I’ve had my fair share of doctors who have misdiagnosed an illness I have. I also had many doctors miss a diagnosis of Bipolar Disorder for 20 years. What makes me angry is my Dad. A few years ago he was having severe headaches and went to the ER. The doctor did an X-ray of his head and told him he had Temporal Arteritis. He was put on a high dose of Prednisone for a year. It was hard to get him off it. He became a different person. He was aggressive, moody, confused, unsteady on his feet, and looked bloated. It was the aggression I had a hard time with.

The only way to diagnose Temporal Arteritis is to have a biopsy, you can not tell by looking at an X-ray. My Dad refuses to believe anything I tell him. When his headaches started again recently he called his GP and asked him for Prednisone. The GP gave it to him. I’ve been staying in my room ever since.

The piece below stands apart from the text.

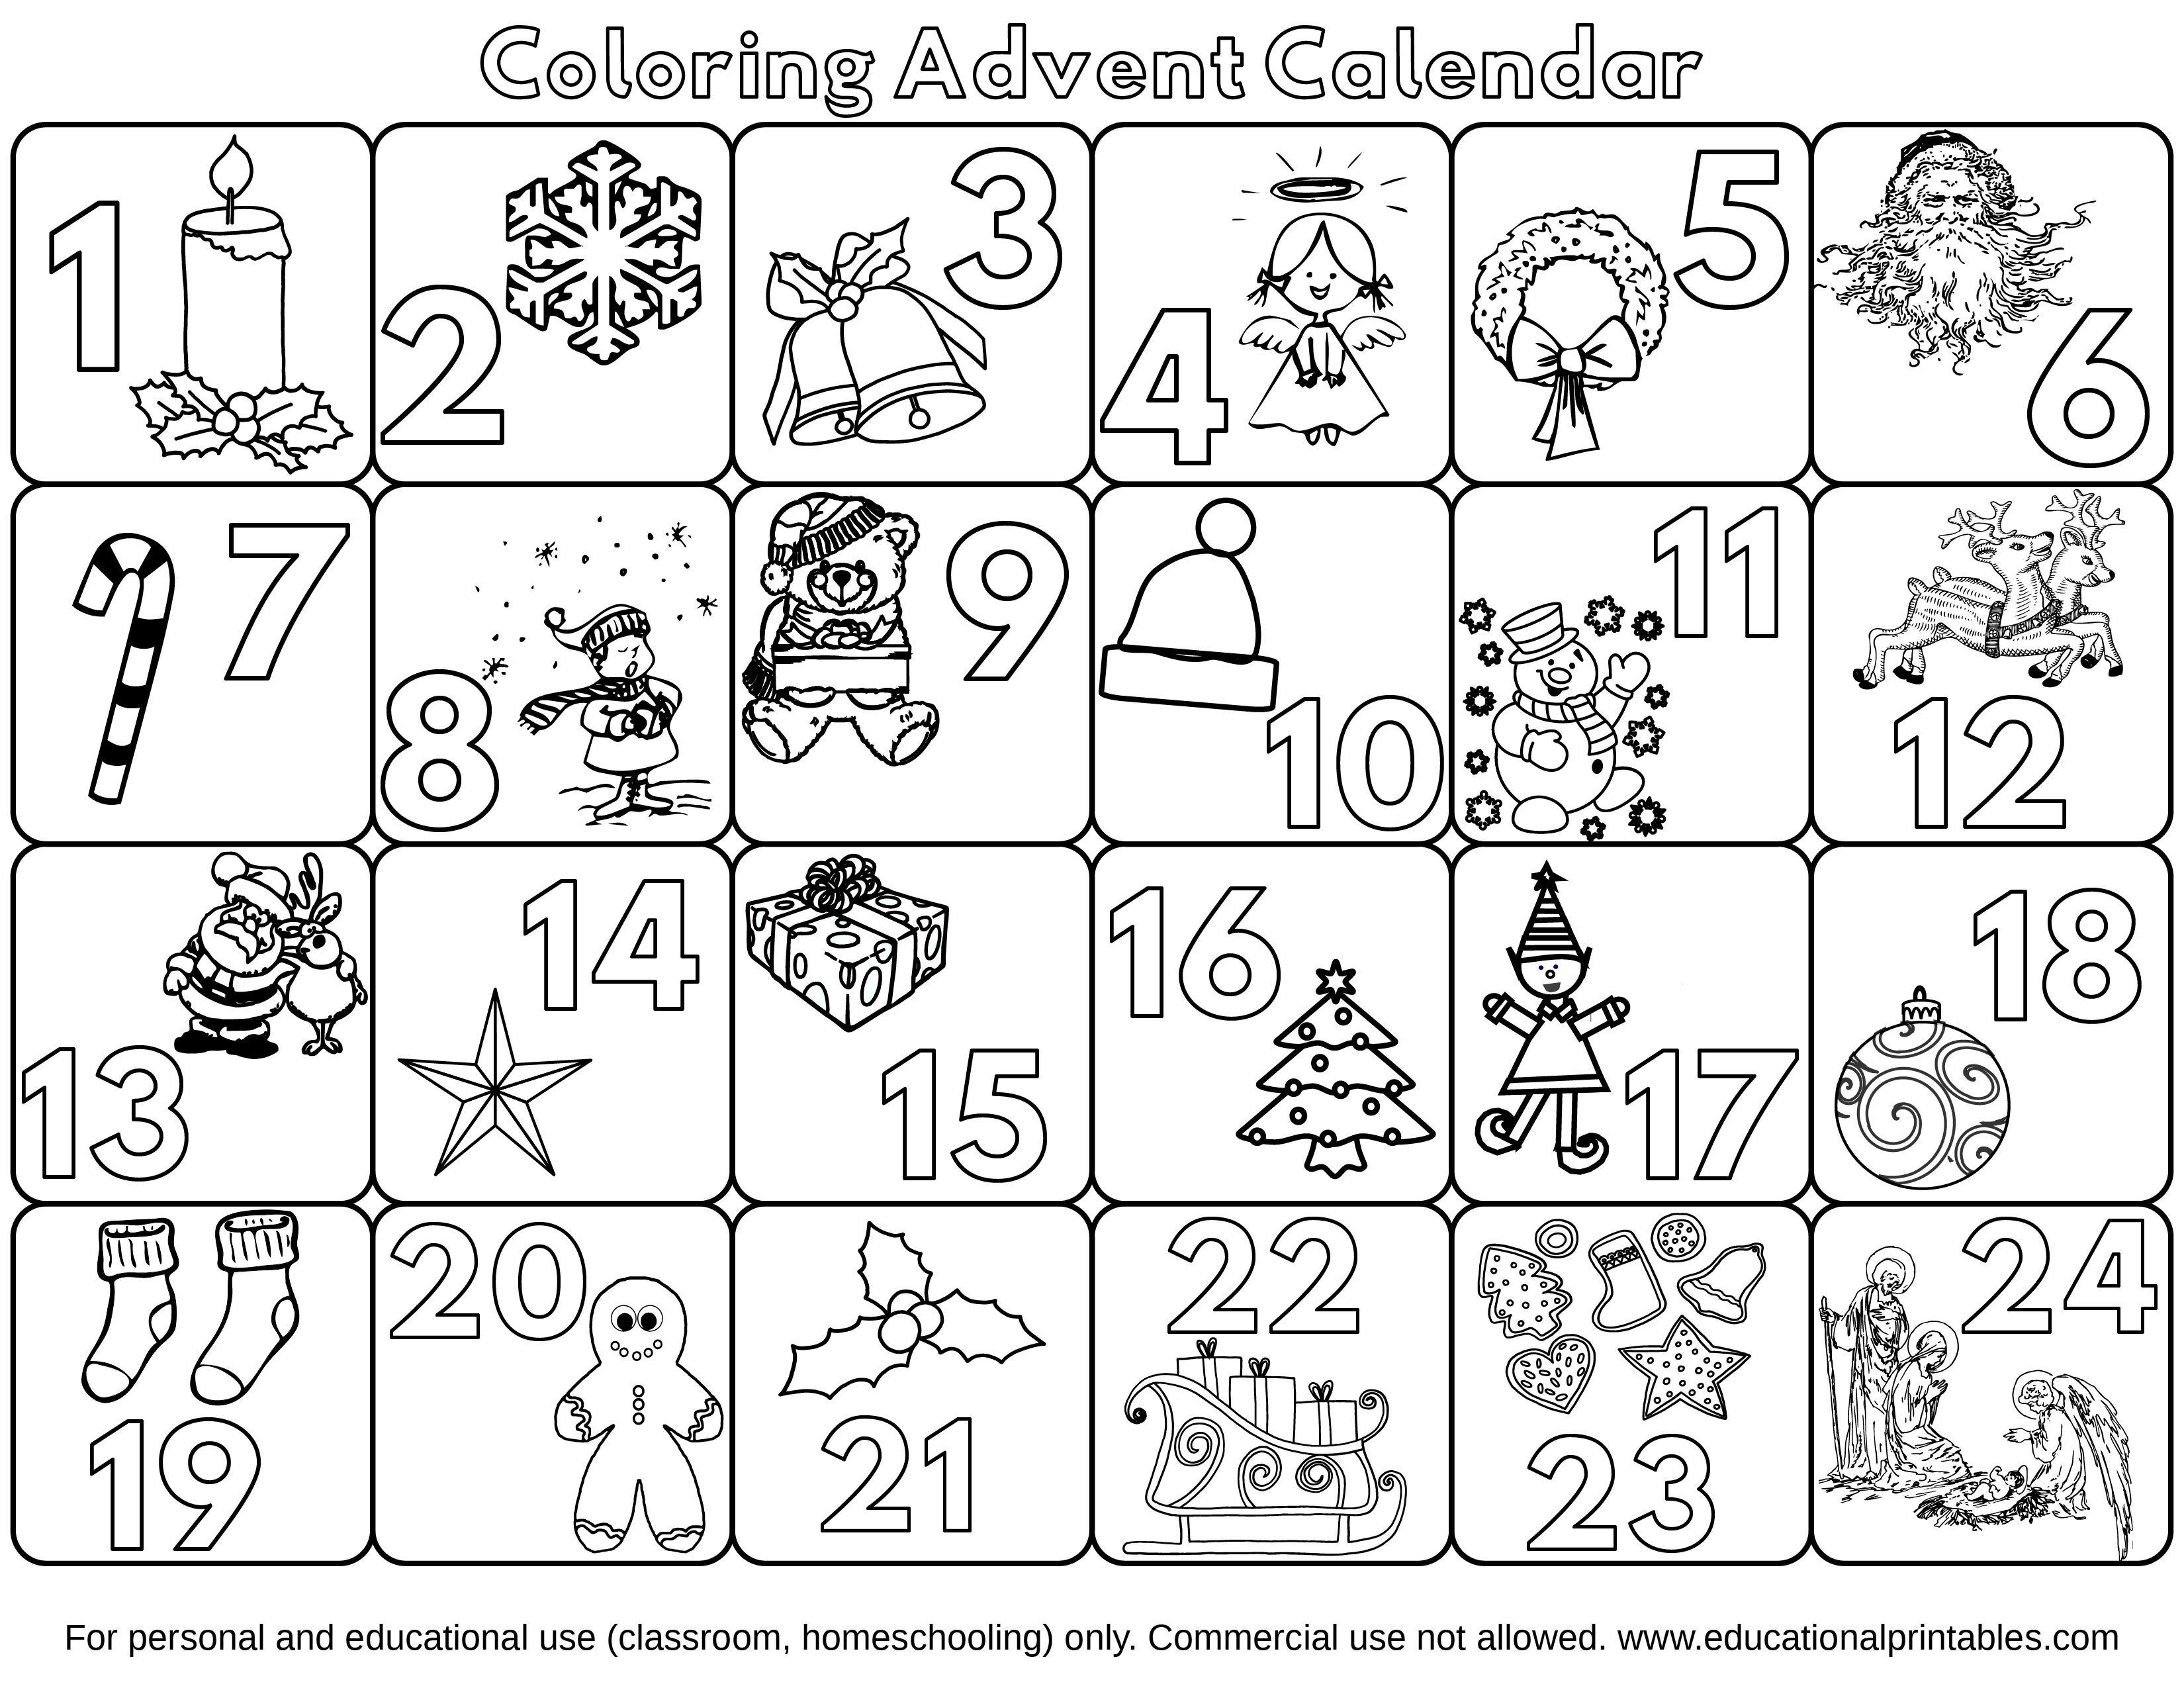 Free Coloring Advent Calendar

His blood pressure has been dangerously high after dialysis. 208/140 high. They can’t stop his bleeding when they take out the needles. This is all from the Prednisone. Which by the way actually says to tell your Doctor if you have: Kidney Disease, Heart Disease, High Blood Pressure, Cataracts, Stomach Ulcers, a History of Stomach Bleeding, or Depression.

He has all of these! He has mesh in his stomach for an Aortic Aneurysm that’s already been repaired once!

Are these people stupid? I know the Hippocratic Oath isn’t legally binding but do they care if they kill someone?

The other day the dialysis center wouldn’t give him his treatment. They said his fistula was clogged. A Doctor came over and asked what was wrong. He looked down and noticed there was knot in the tube. He fixed it and went about his business. They were going to send my Dad for surgery he didn’t need because there was a kink in the tube that no one noticed!! And the Head Doctor acted like it was no big deal.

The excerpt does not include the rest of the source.